Problem:
Find the line below with "background Stock Photo" and the line with "Wipers Follow Blind (180G) Vinyl Record". Output them and the lines between, exactly, but not the pictures.

Dataset records:
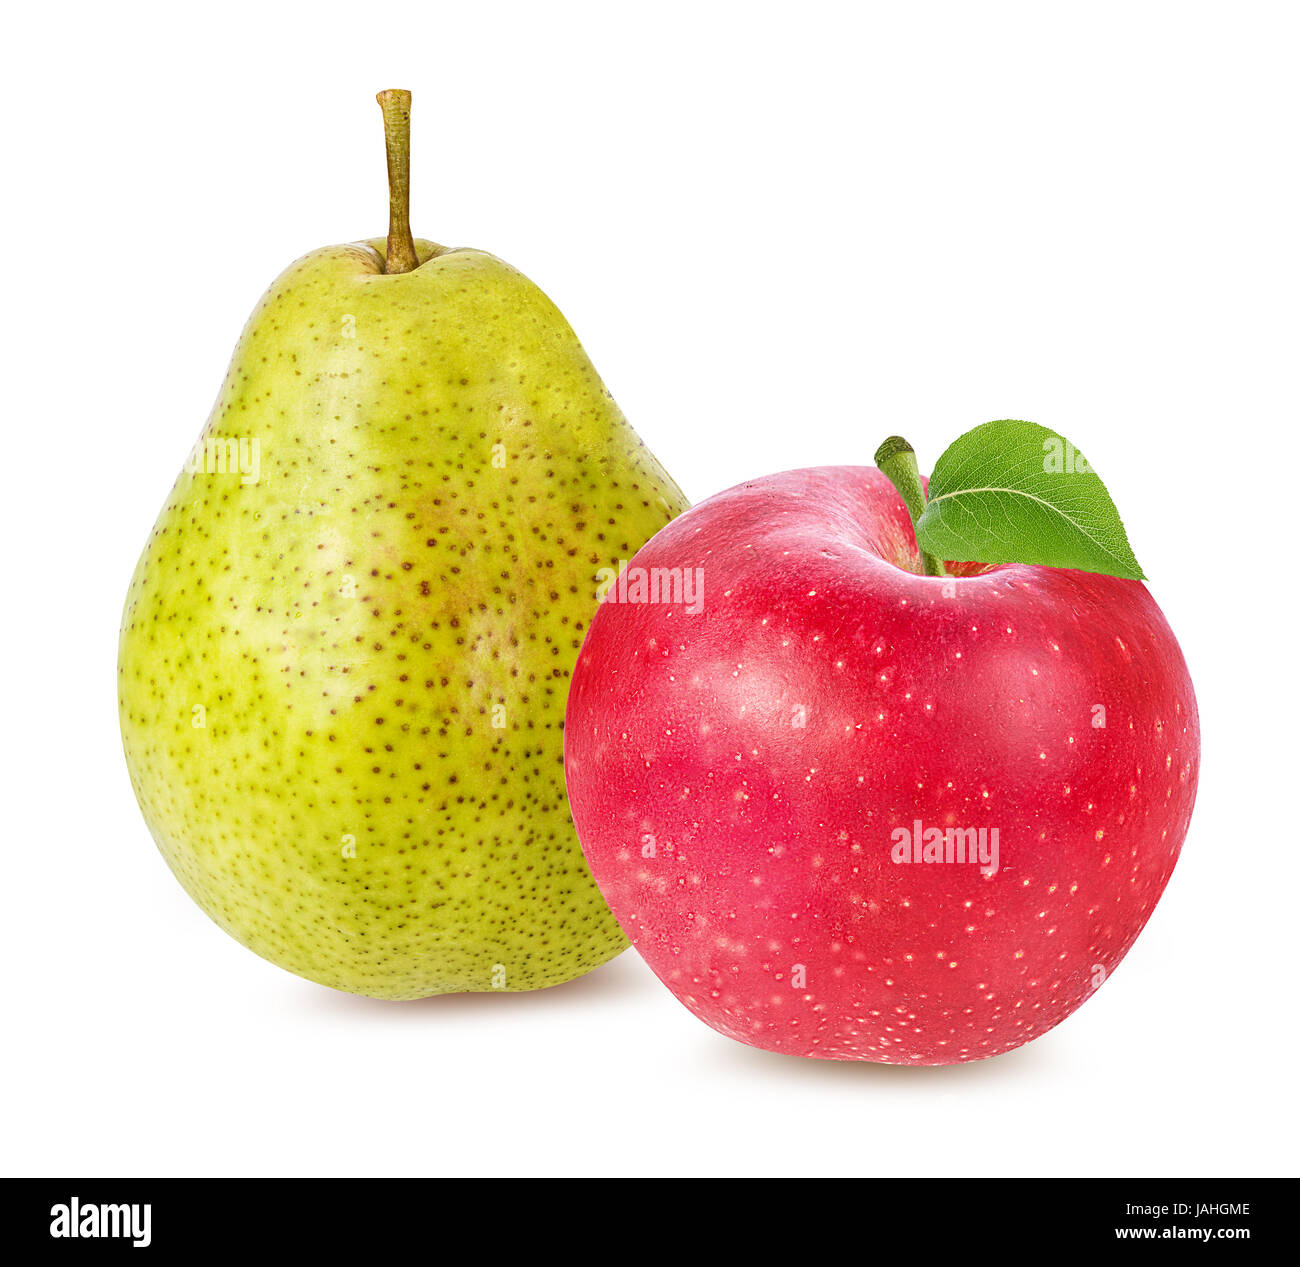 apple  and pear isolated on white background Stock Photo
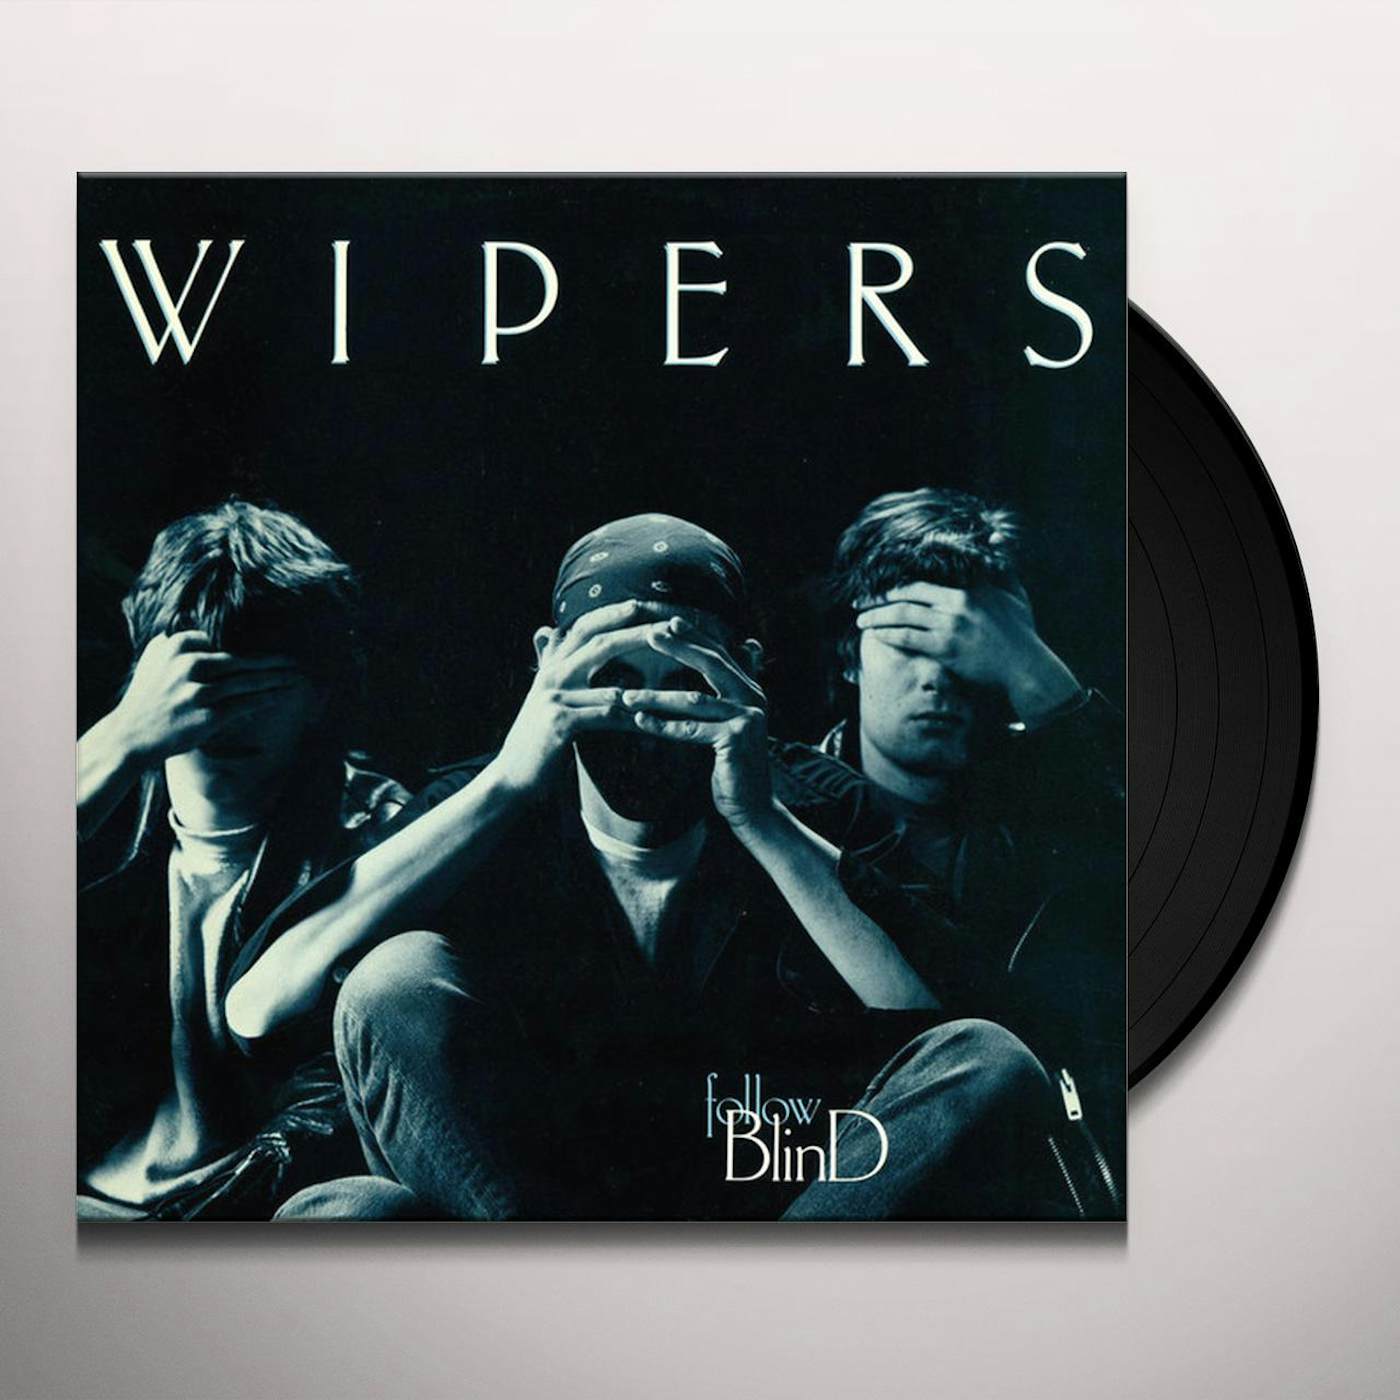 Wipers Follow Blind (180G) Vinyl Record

--

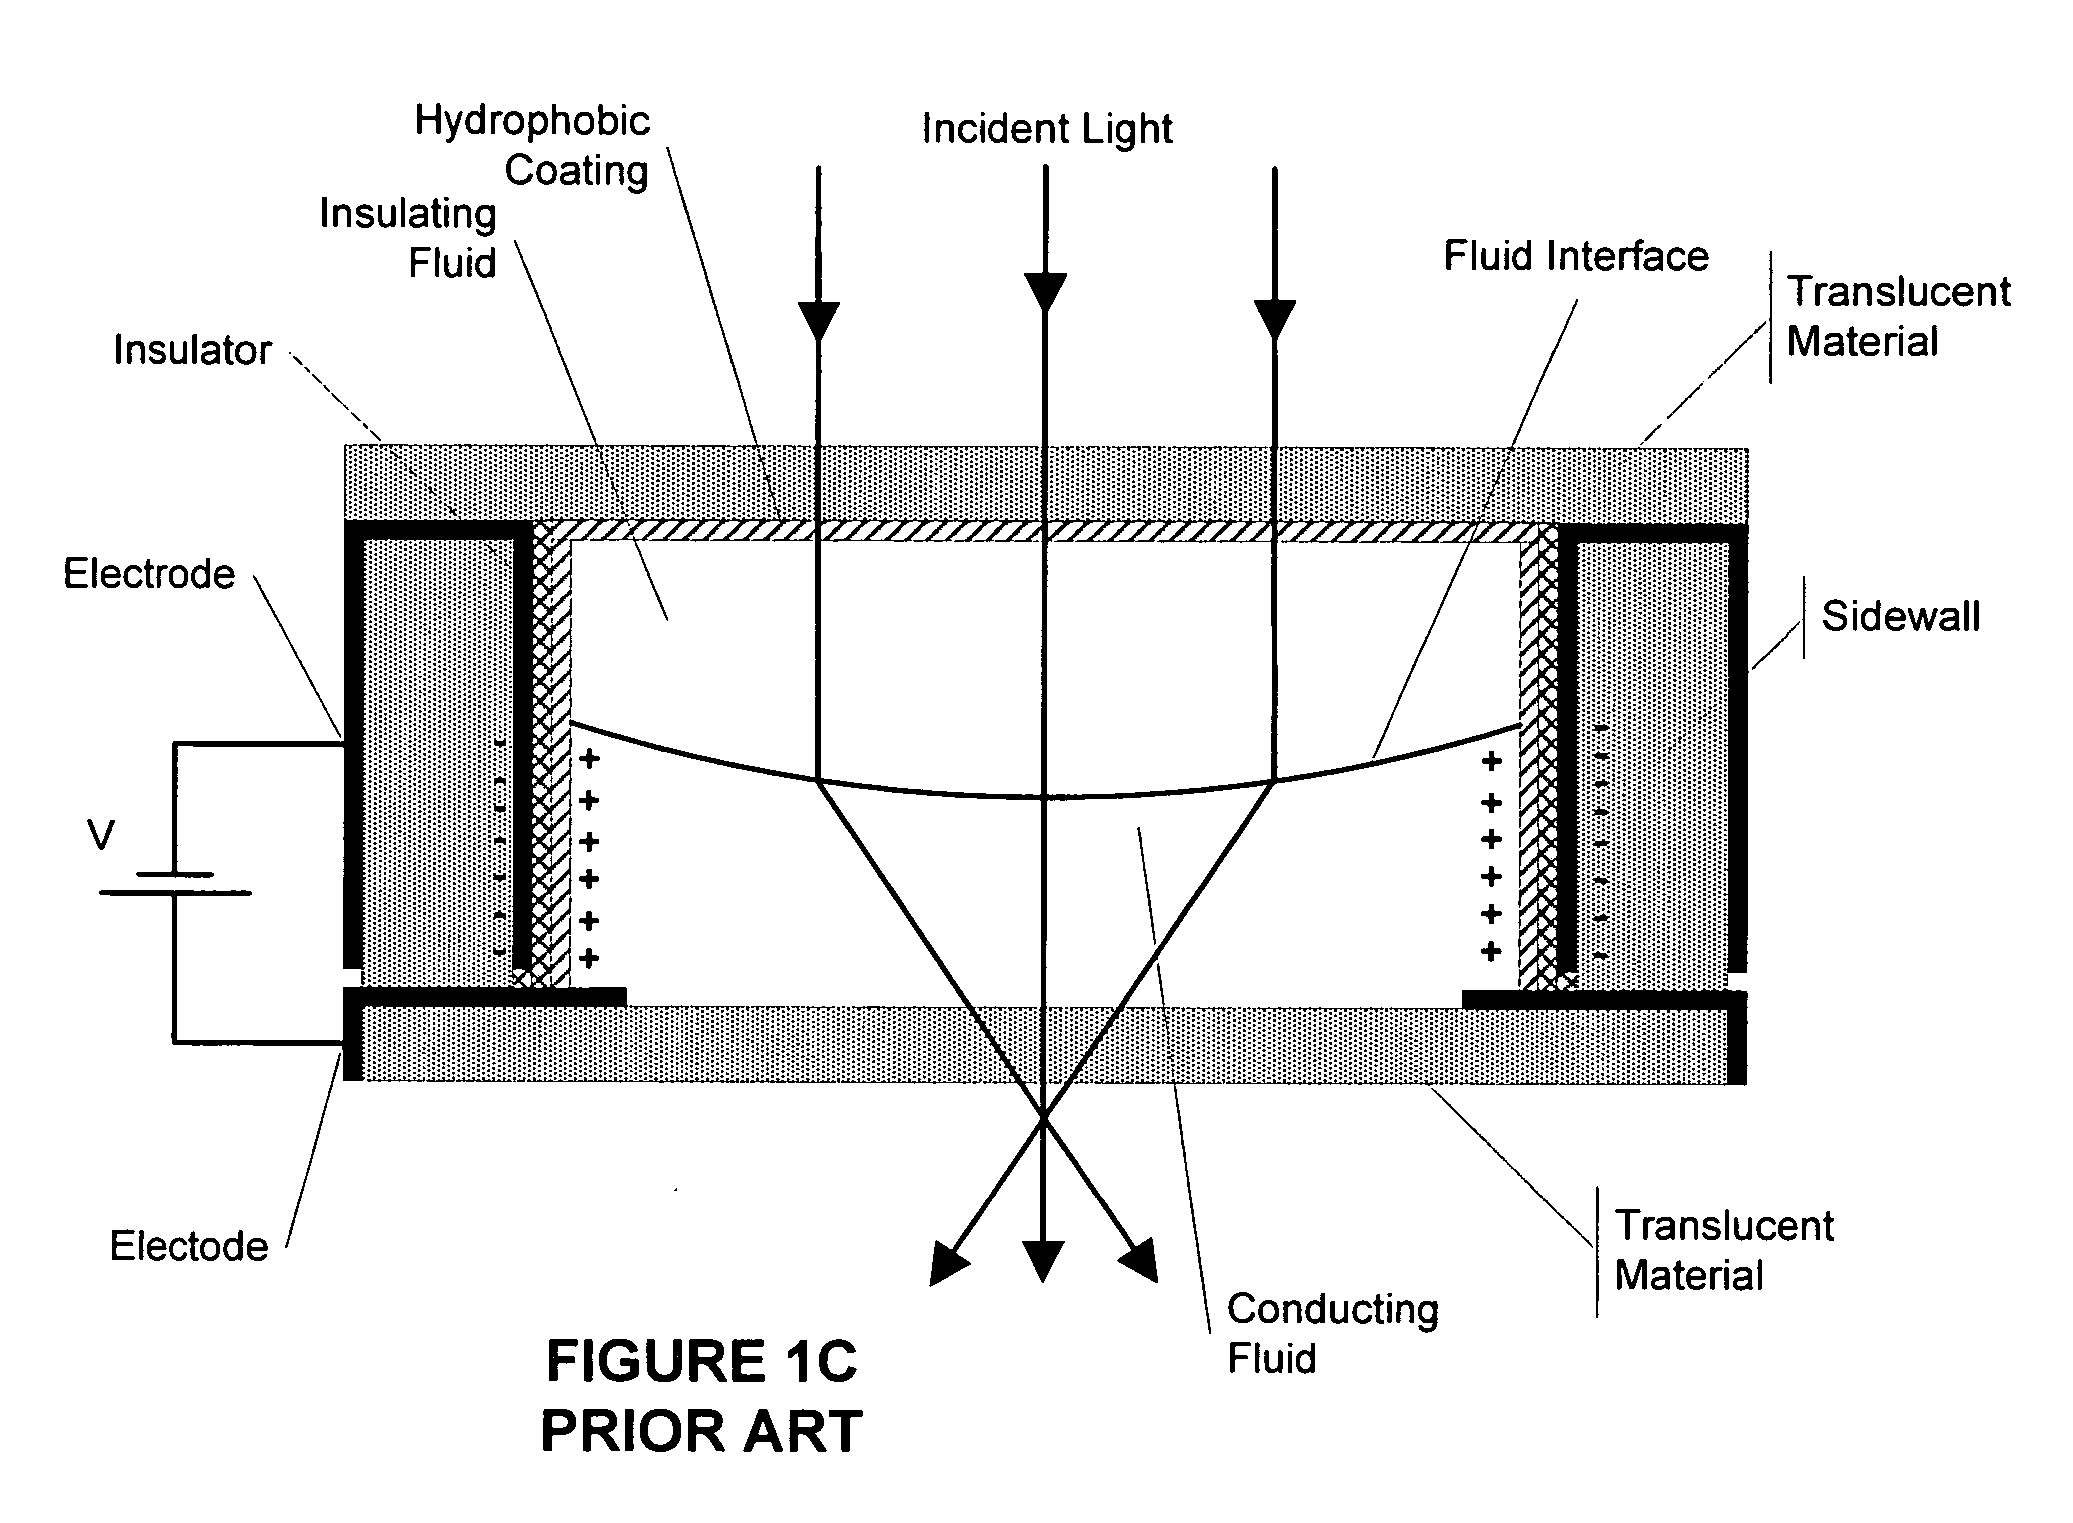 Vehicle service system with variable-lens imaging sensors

* * *

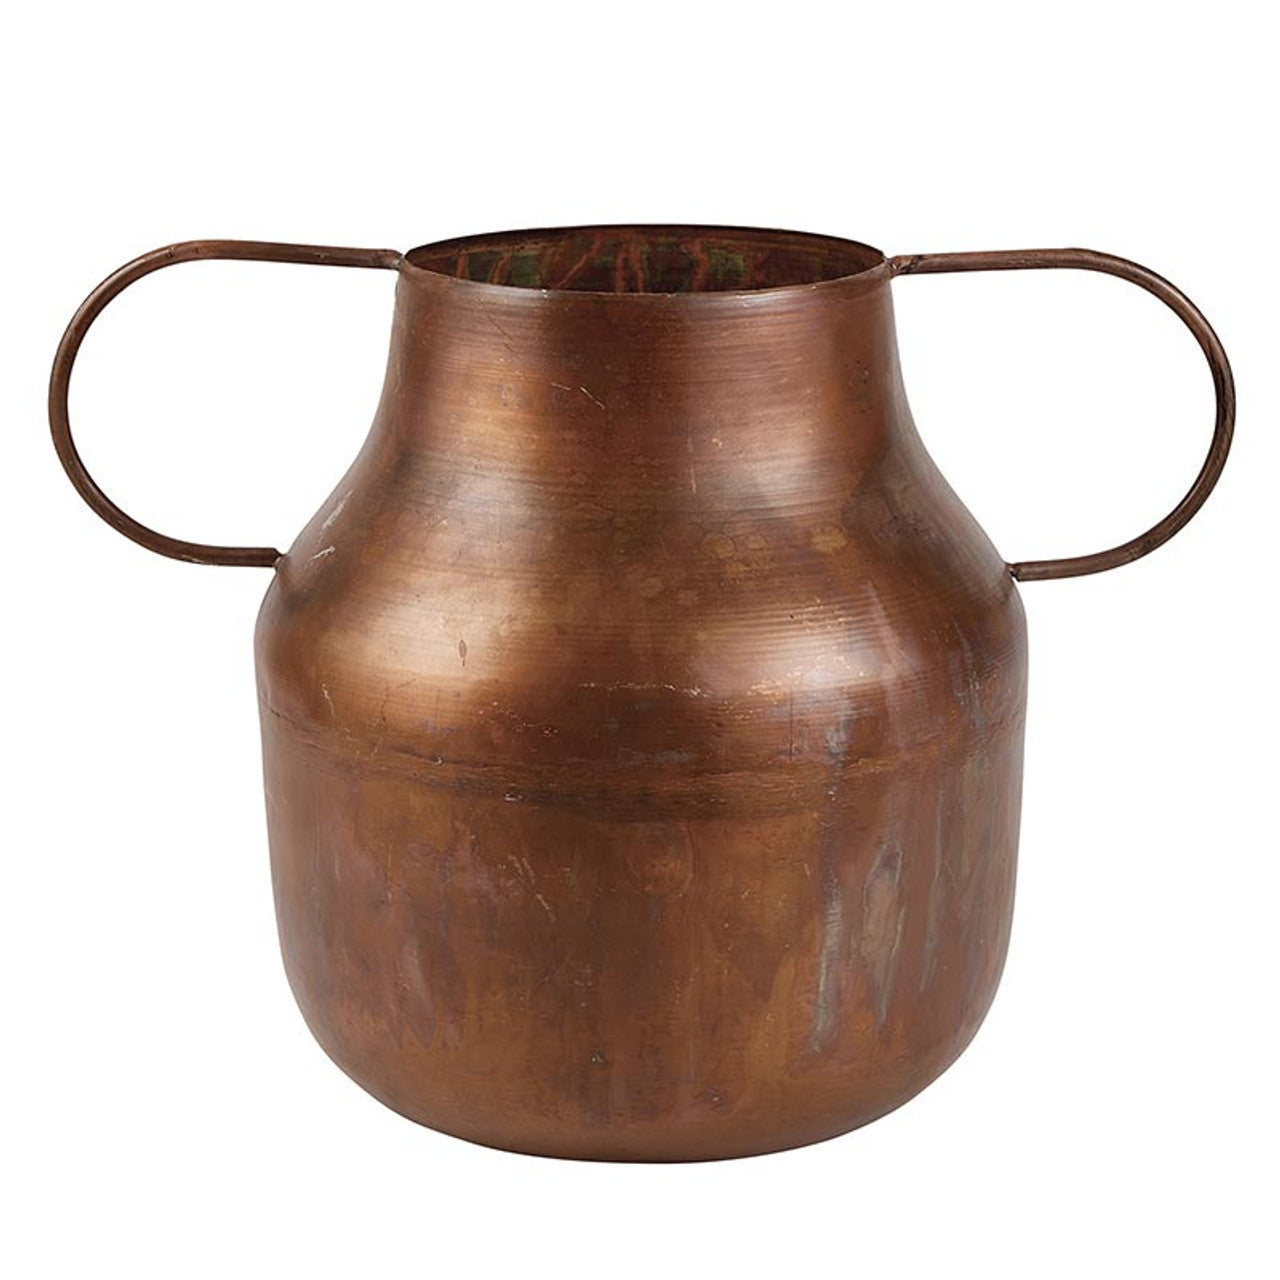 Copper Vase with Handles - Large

Final answer:
 apple  and pear isolated on white background Stock Photo
 Wipers Follow Blind (180G) Vinyl Record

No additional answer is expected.